W sieci zawrzało po tym, jak jeden z ukraiński dziennikarz Jurij Butusow podał, że rosyjski bombowiec lecący nad Wołyniem wleciał w polską przestrzeń powietrzną. Ukraiński dziennikarz opublikował informację na Twitterze.
Wiadomość Ukraińca dalej podał analityk Michał Marek, który zaznaczył, że trzeba ją zweryfikować.
„Rzeczpospolita” dostała odpowiedź od Ministerstwa Obrony Narodowej, czy rzeczywiście rosyjski wojskowy samolot przekroczył polską granicę i wleciał w naszą przestrzeń powietrzną.

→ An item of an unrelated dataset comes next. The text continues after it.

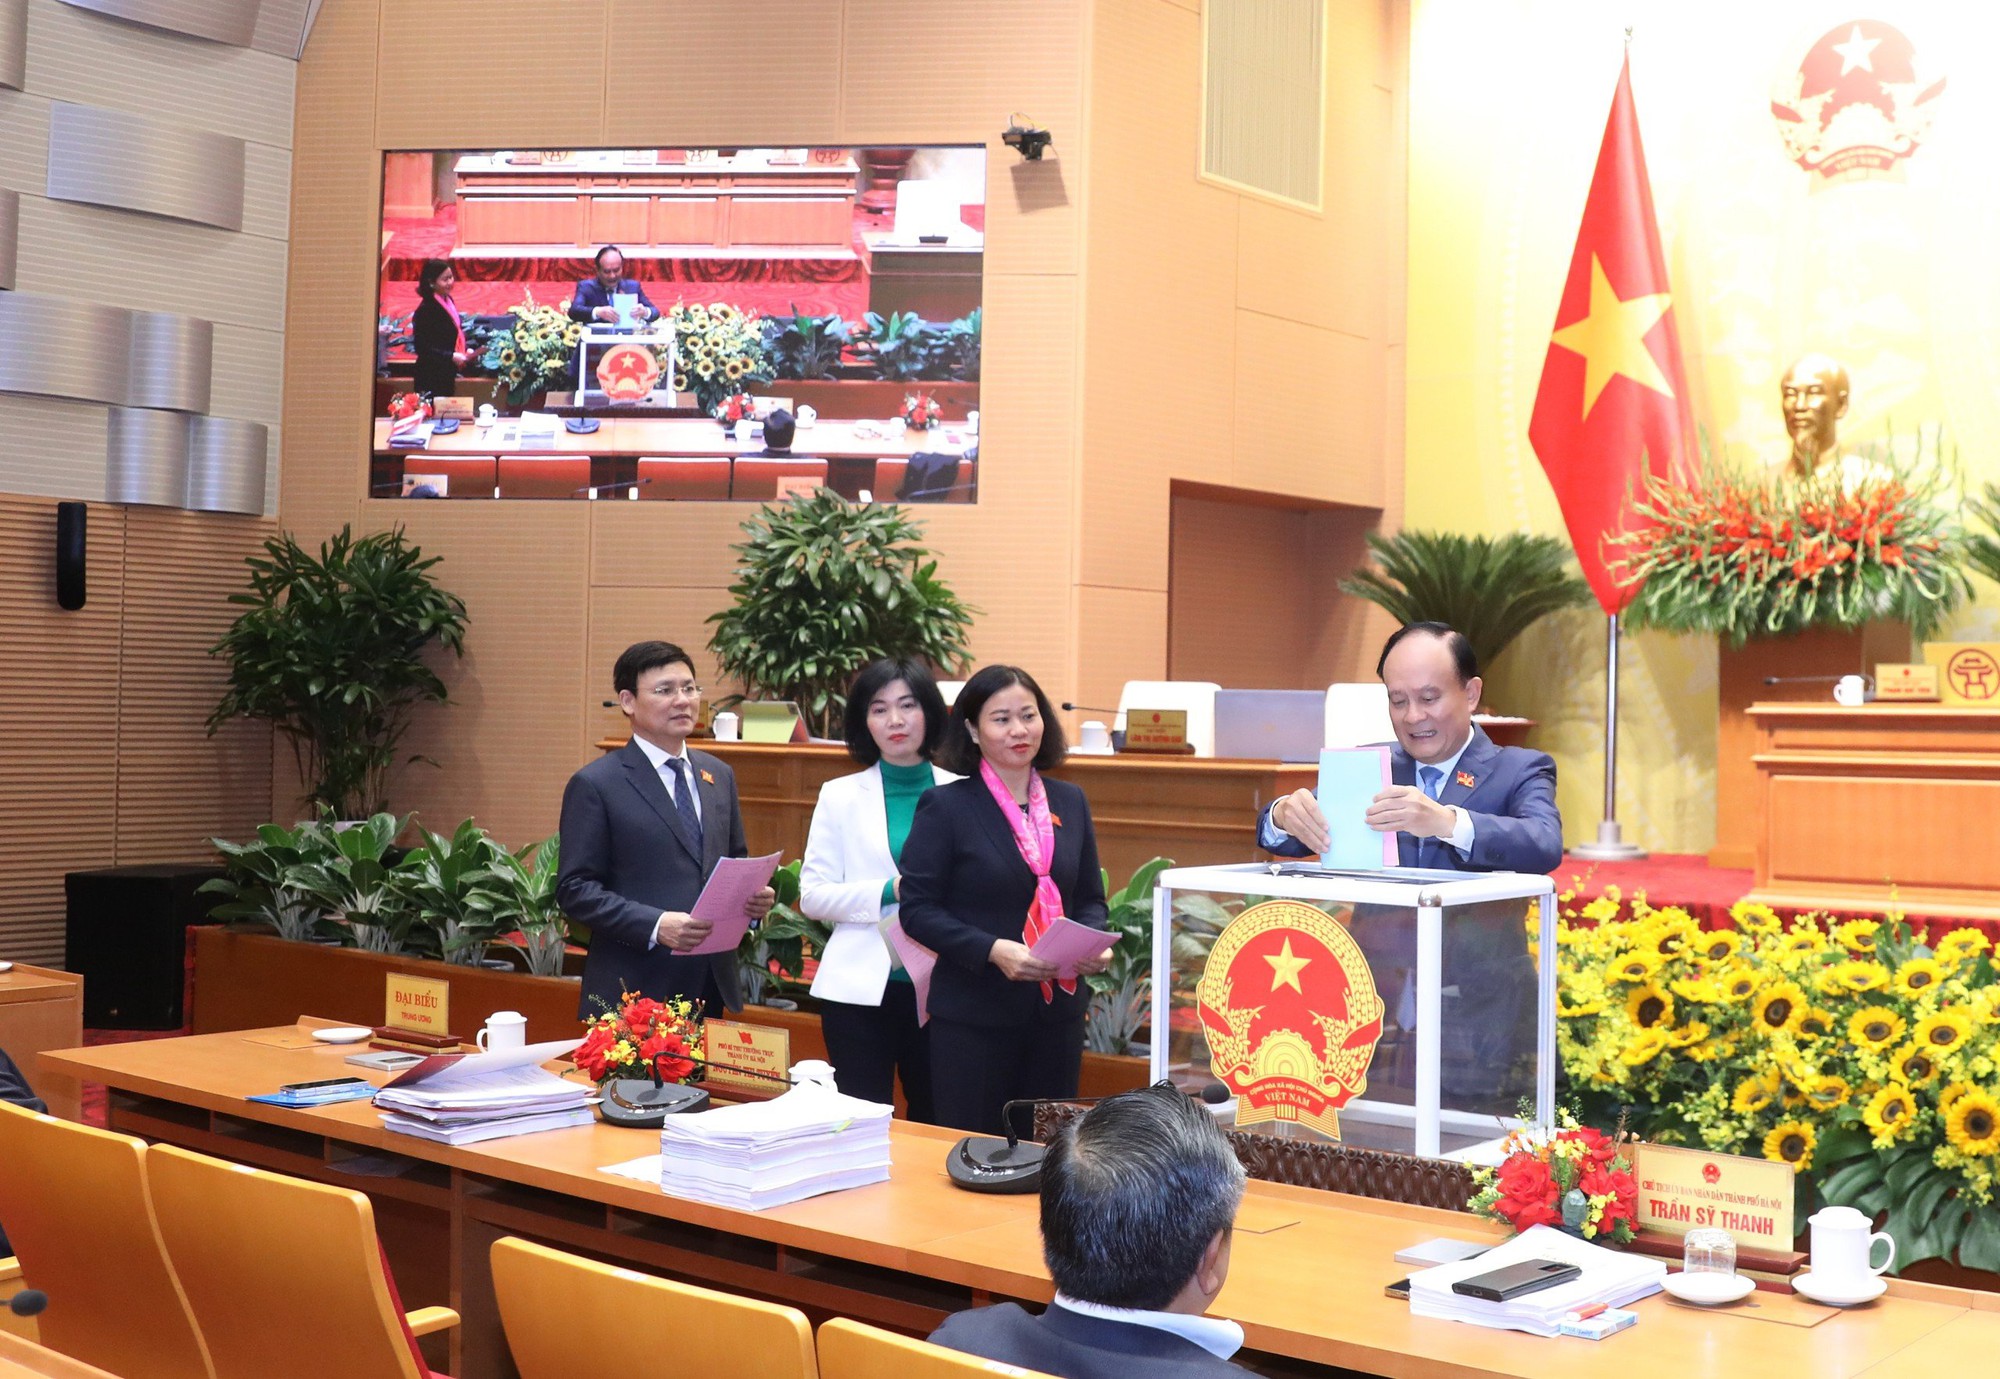 Hà Nội công bố phiếu tín nhiệm: Chủ tịch Hà Nội đạt trên 85% phiếu tín nhiệm cao - Ảnh 1.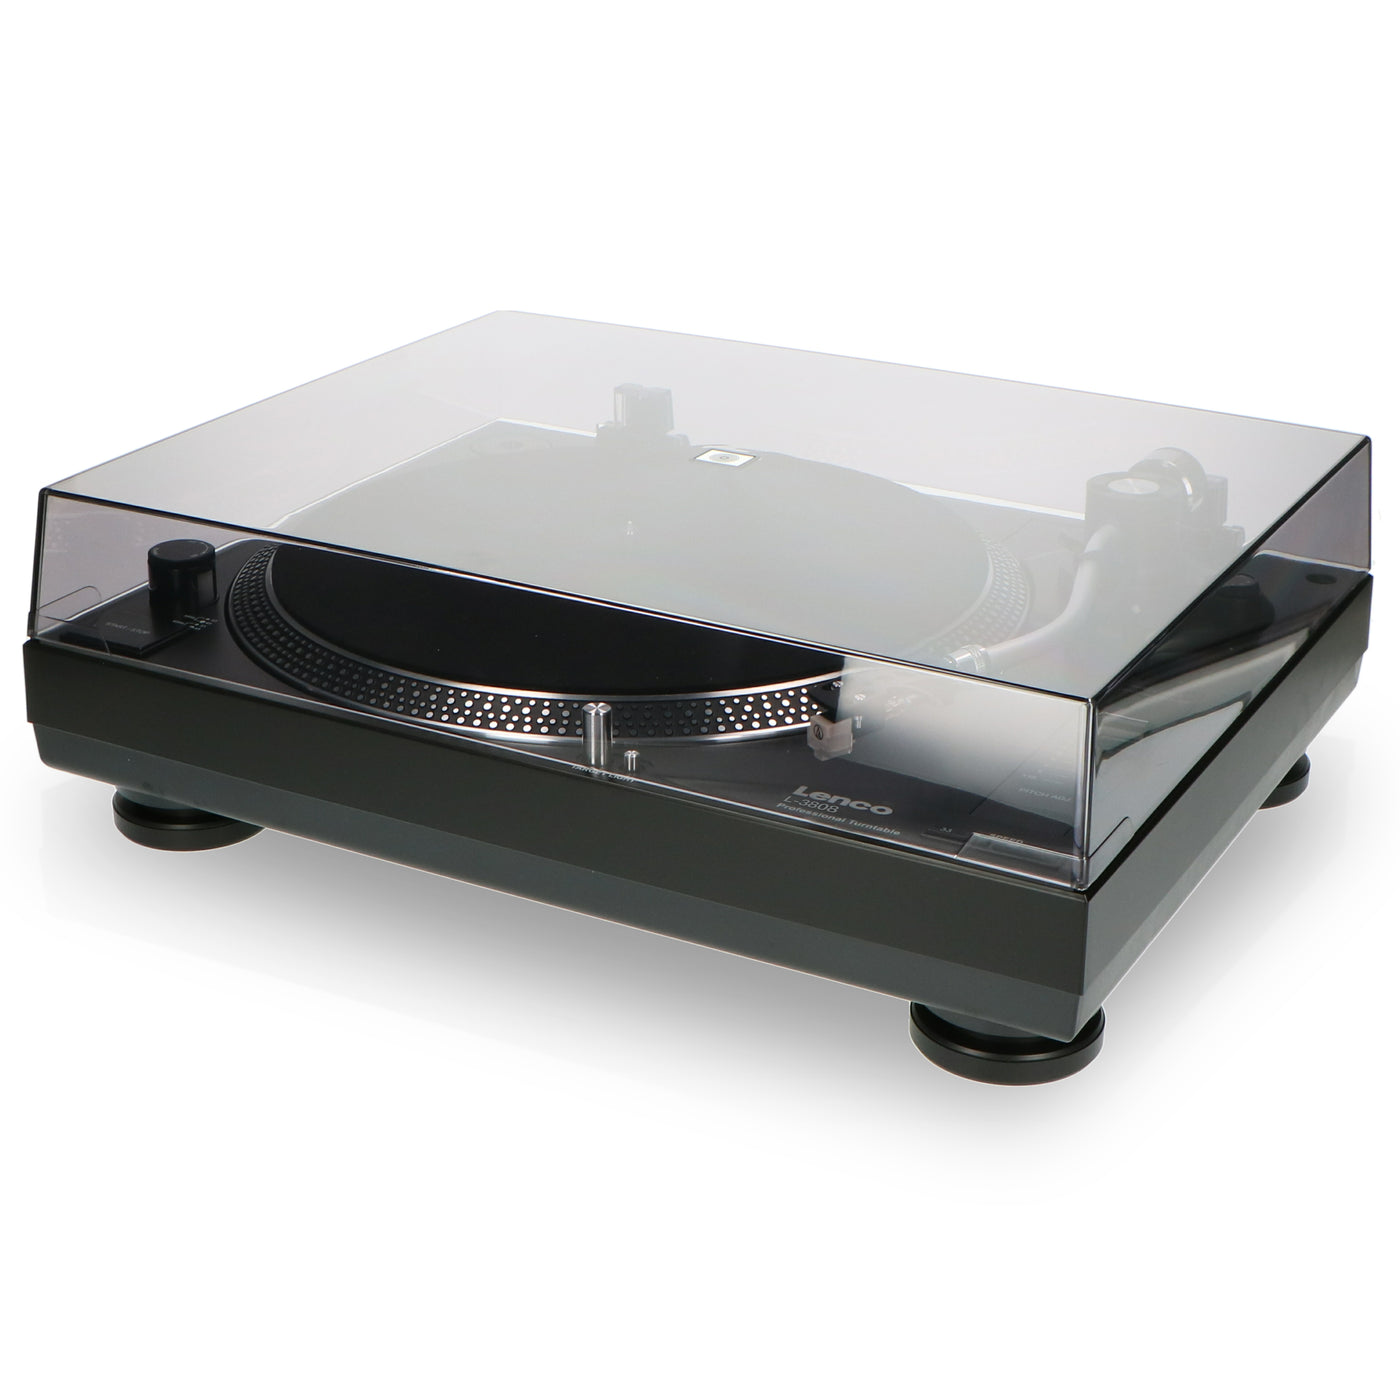 LENCO L-3808 Black - Direct aangedreven Platenspeler met USB/PC encoding - Zwart

1/2 #Ukraina dziennikarz Jurij Butusow poinformował, iż o godzinie 12:15 (PL) rosyjski samolot bojowy wleciał w polską przestrzeń powietrzną od strony Wołynia – Informacja wymaga jednak potwierdzenia! pic.twitter.com/AiD0pE6eIC
— Michał Marek (@mic_marek) March 21, 2022
Resort skomentował dziennikowi:
„Siły Zbrojne RP monitorują sytuację i podejmują niezbędne działania, aby zapewnić bezpieczeństwo kraju. Jednocześnie informujemy, że w obecnej sytuacji, ze zrozumiałych względów, nie będziemy podawać szczegółów pozwalających na identyfikację, lokalizację zaangażowanych sił i środków, wykorzystywanych systemów, prowadzonego rozpoznania oraz działań”.
.@MON_GOV_PL w odpowiedzi dla @rzeczpospolita
— Marek Kozubal (@marek_kozubal) March 21, 2022
nie potwierdza informacji o naruszeniu polskiej przestrzeni powietrznej. "Siły Zbrojne RP monitorują sytuację i podejmują niezbędne działania aby zapewnić bezpieczeństwo kraju" – dodaje ministerstwo.